- _Given information_
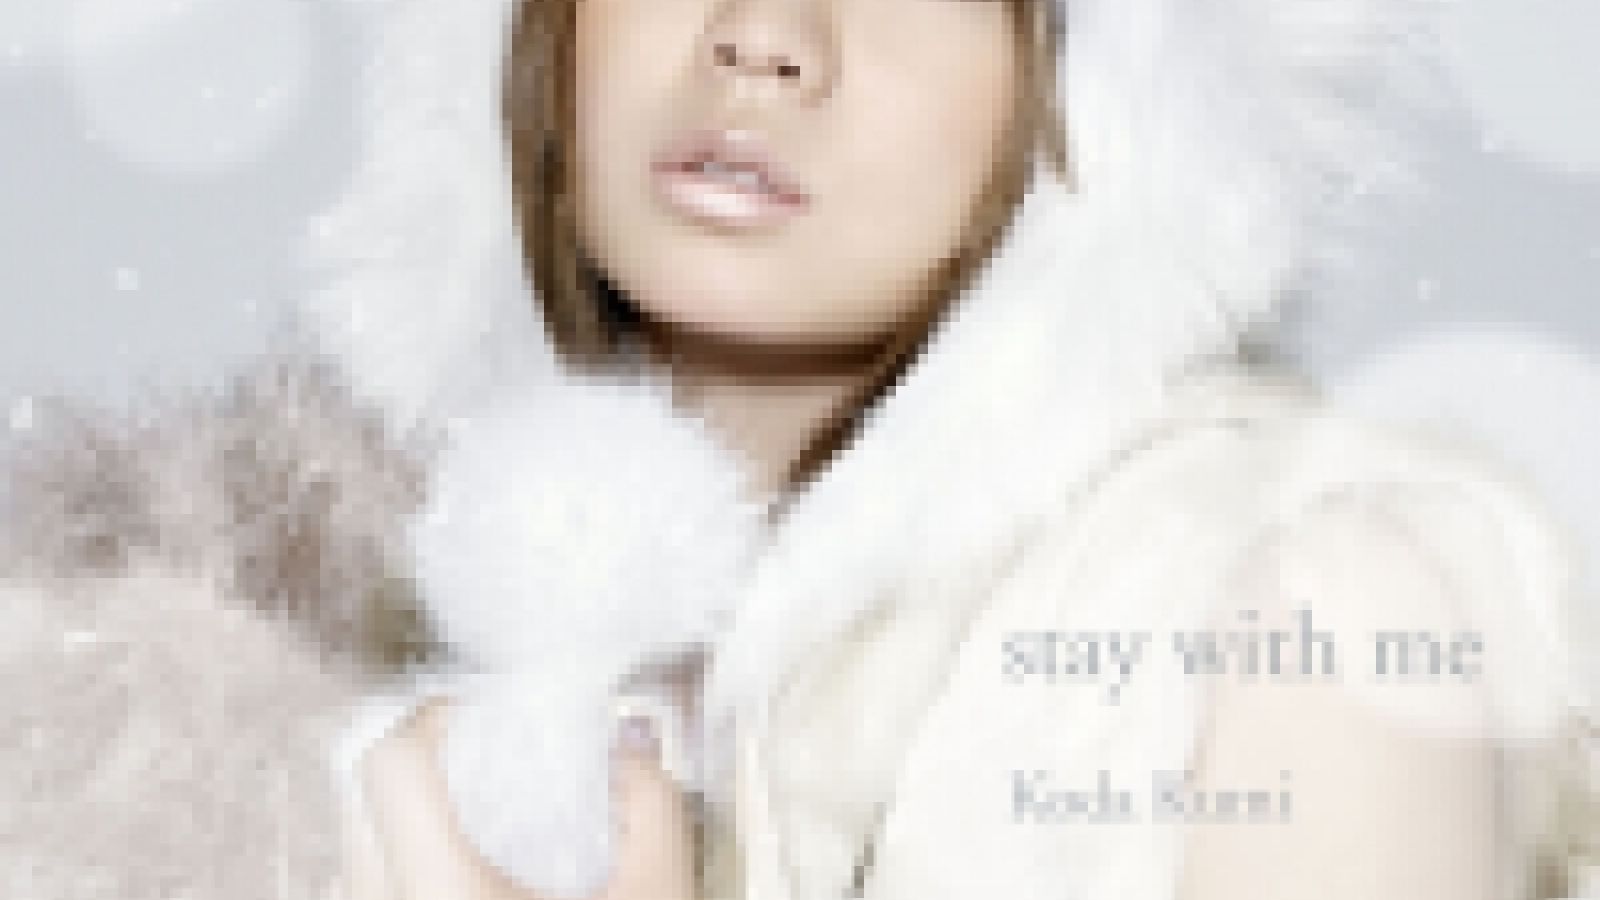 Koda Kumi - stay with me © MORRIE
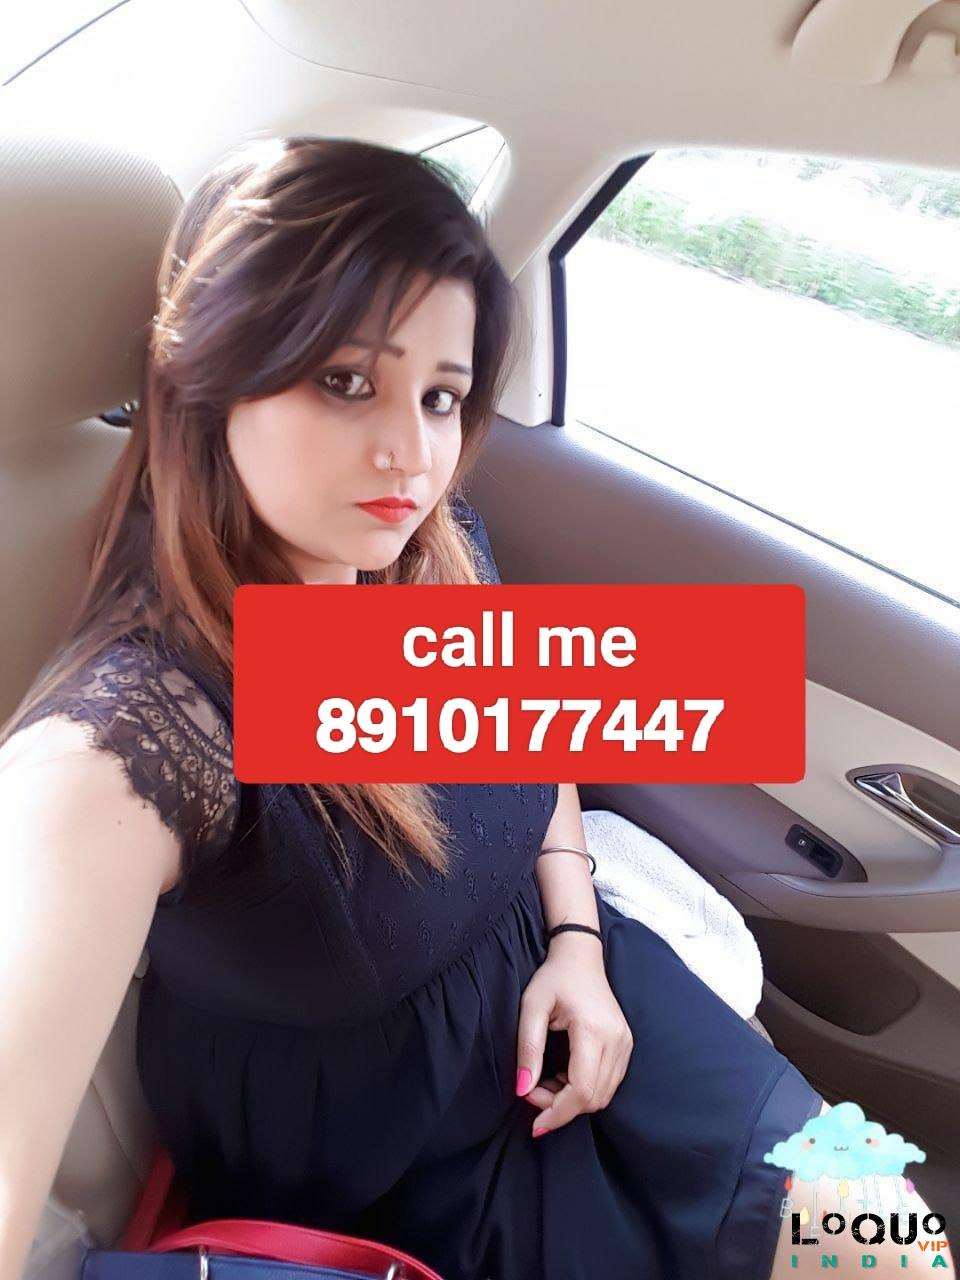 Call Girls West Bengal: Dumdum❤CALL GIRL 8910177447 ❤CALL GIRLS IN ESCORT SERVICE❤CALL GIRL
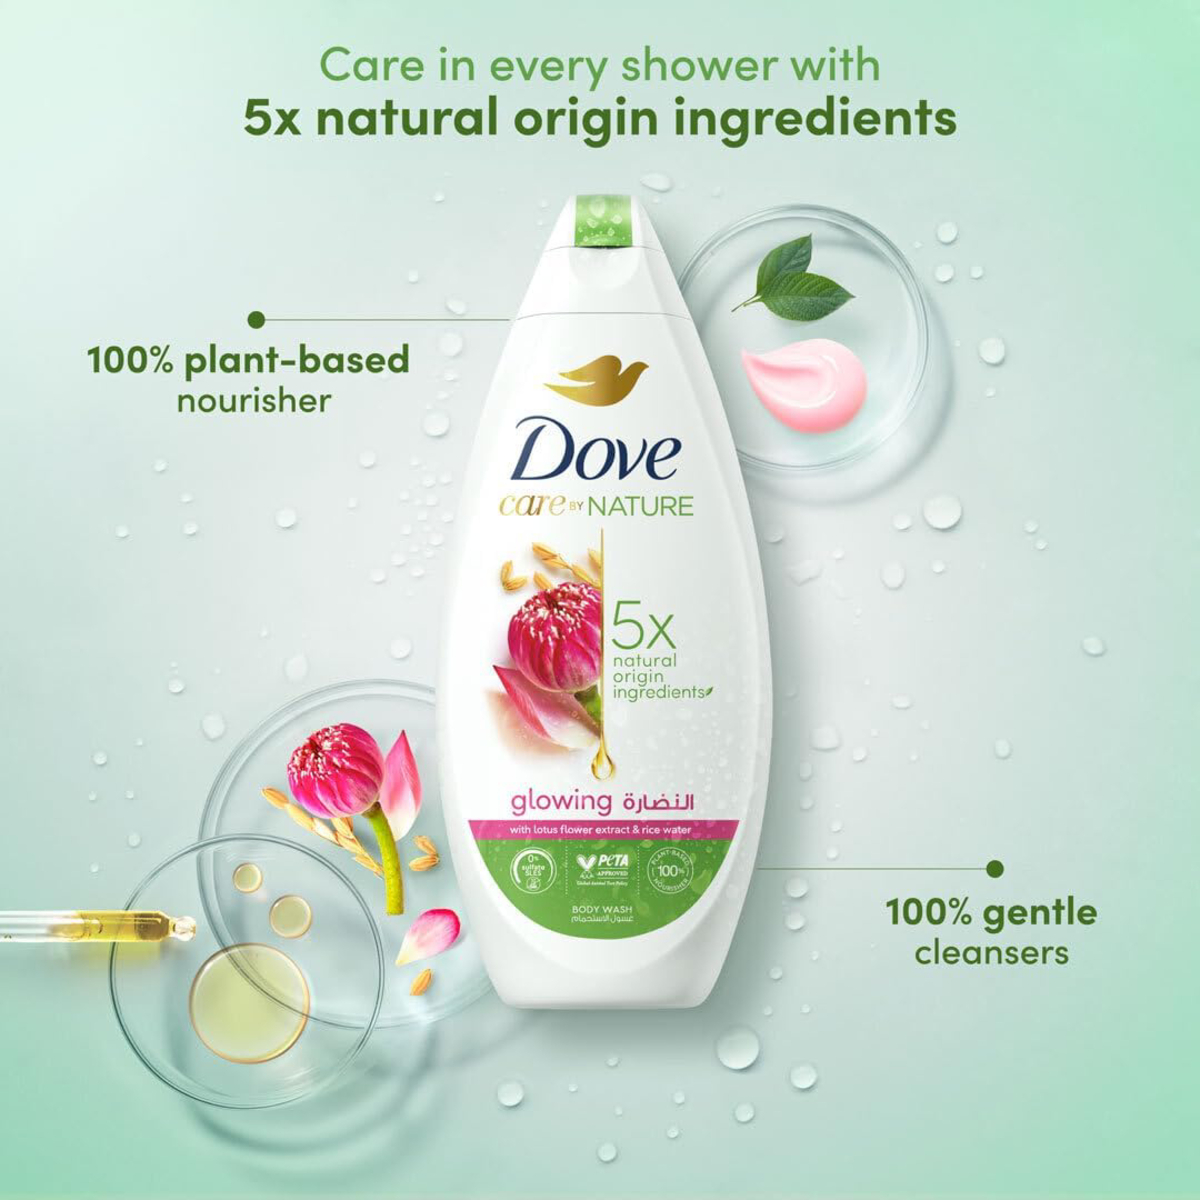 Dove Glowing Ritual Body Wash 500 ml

- _Exercise objective_
Set down all the data again exactly as above, pictures excluded.

- _Answer to this exercise_
 Koda Kumi - stay with me © MORRIE
 Call Girls West Bengal: Dumdum❤CALL GIRL 8910177447 ❤CALL GIRLS IN ESCORT SERVICE❤CALL GIRL
 Dove Glowing Ritual Body Wash 500 ml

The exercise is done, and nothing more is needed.